- _EXERCISE GOAL_
Search the entries below for the word "Stock", then copy each line in which it is found.

──────

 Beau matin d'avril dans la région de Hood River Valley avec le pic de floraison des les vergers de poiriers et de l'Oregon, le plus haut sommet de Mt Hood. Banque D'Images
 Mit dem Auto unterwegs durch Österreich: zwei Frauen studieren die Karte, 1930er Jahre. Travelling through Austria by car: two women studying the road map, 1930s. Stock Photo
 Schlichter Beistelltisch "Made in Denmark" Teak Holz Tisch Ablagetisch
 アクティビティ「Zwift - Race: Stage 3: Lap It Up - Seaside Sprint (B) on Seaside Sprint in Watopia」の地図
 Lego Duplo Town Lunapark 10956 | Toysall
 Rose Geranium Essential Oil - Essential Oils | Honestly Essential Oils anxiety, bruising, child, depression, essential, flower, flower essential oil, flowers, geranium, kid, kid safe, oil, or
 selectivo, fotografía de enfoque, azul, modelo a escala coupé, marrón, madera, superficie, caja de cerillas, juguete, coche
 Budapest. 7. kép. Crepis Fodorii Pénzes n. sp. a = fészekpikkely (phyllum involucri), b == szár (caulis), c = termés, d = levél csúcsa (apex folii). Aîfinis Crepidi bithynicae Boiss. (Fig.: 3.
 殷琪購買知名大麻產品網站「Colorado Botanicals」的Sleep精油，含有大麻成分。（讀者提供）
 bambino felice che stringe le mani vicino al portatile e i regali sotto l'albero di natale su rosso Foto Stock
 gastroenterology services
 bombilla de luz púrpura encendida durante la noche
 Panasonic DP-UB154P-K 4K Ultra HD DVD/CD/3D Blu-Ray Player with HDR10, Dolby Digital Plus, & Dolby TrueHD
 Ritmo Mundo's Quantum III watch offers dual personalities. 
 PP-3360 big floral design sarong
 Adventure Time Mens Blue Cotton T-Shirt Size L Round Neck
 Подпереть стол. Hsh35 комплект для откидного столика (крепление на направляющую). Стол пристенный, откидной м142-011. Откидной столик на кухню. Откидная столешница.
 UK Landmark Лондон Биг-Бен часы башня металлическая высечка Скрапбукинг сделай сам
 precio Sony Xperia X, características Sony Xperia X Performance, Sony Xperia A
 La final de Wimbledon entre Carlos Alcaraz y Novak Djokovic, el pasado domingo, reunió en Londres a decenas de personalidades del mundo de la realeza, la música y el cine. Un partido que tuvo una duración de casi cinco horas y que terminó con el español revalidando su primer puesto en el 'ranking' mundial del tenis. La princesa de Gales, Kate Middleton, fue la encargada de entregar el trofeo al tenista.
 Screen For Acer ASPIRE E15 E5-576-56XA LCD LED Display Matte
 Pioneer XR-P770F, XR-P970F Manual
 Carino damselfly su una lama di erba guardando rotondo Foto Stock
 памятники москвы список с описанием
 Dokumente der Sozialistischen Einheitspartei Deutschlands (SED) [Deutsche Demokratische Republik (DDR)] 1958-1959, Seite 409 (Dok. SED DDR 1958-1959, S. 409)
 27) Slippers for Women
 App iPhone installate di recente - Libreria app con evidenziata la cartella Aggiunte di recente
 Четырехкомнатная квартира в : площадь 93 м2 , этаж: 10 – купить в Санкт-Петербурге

──────

- _SOLUTION TO THIS PROBLEM_
 Mit dem Auto unterwegs durch Österreich: zwei Frauen studieren die Karte, 1930er Jahre. Travelling through Austria by car: two women studying the road map, 1930s. Stock Photo
 bambino felice che stringe le mani vicino al portatile e i regali sotto l'albero di natale su rosso Foto Stock
 Carino damselfly su una lama di erba guardando rotondo Foto Stock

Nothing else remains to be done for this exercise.